Elected workers’ representatives on company boards aren’t the sole answer. They wouldn’t instantly change corporate Britain into some kind of giant boy scout movement.
However, they would increase pressure on business leaders to be slightly less sociopathic around issues like poverty pay and precarious working conditions.
This is why the business lobby fiercely opposed the idea when it was briefly proposed by Theresa May.
May rather feebly gave in to this lobbying, watering down the ‘requirement’ to introduce worker directors down to just an ‘option.’
Research for the Local Authority Pension Fund Forum suggests that only around 5% of companies intend to take advantage of this option.
The £3.9m-a-year CEOs and the investors in the City and on Wall Street probably view this as a good outcome.
We live in a less deferential, less hierarchical and more educated world than we used to.
Technology has made communication and collaborative decision-making much easier.
So a top-down managerialist approach, where a handful of directors issue orders for tens of thousands of workers, seems out-of-touch and anti-aspirational.
This approach, and the pay practices that reflect it, may soon come to represent terrible business practice as well as an affront to the values and interests of the wider public.

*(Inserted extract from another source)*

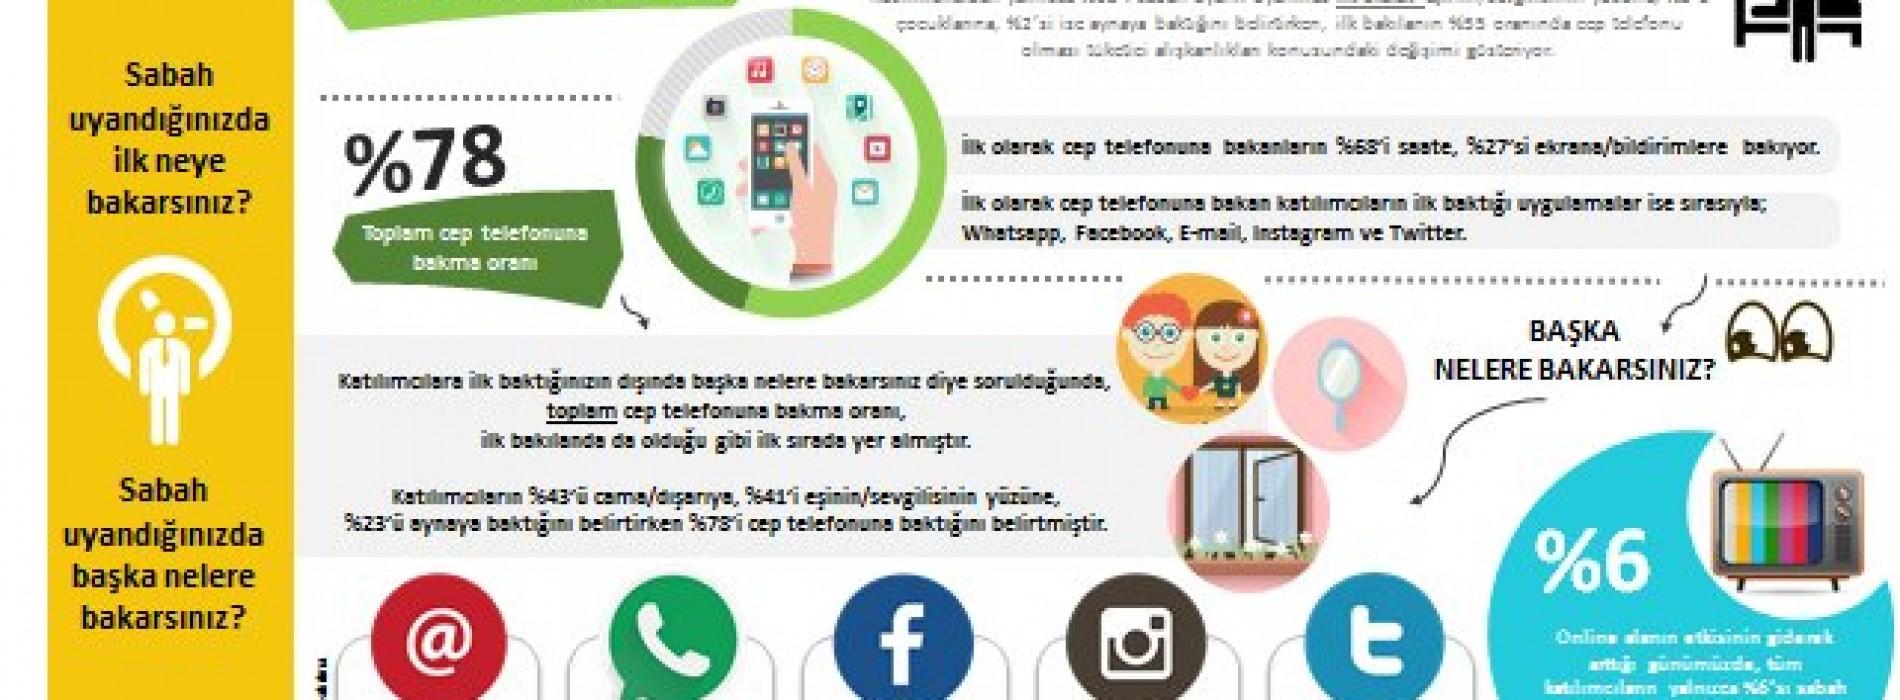 AKILLI TELEFON KULLANIMI ARTIK BAĞIMLILIK DÜZEYİNDE

On the other hand, commitment to reforming the UK’s shareholder-centric model of governance and ownership will be recognised as the new common sense.
Luke Hildyard is the executive director of the High Pay Centre
3 Responses to “With rich investment managers in charge, shareholder vetos on exec pay are meaningless”
Jill Brian
Reform of high pay is long overdue. The Cooperative system has merit.
I have suggested that the highest earners in an organisation should not earn more than 10 times the lowest earner. No doubt this will be criticised but 20 times the salary of the lowest earner should be the limit. I say salary of the lowest earner, not wages, to put things in perspective. We must also be wary of high earners introducing other perks / benefits & saying they are not counted as part of their earnings.
Patrick Newman
So is it practicable to pass a law the sets a maximum ratio of top pay to median pay (about £28,500)? Is it more productive to have highly progressive income tax regime (There’s one for you, nineteen for me -Beatles 1966) that does not set a threshold but does involve progressively higher marginal rates of tax. Another factor is the market for senior management is international although this should not be a show stopper. Worker directors and employee representatives on remuneration committees are essential.
Lawman
In fairness, a few fund managers work to influence plc boards for the better. However, that misses 2 points:
(1) that some FT100 Chief Executives, and other directors, award themselves obscene amounts of remuneration. The structure of bonuses creates the wrong incentives to the detriment of shareholders e.g. artificially increasing Earnings Per Share by accounting adjustments.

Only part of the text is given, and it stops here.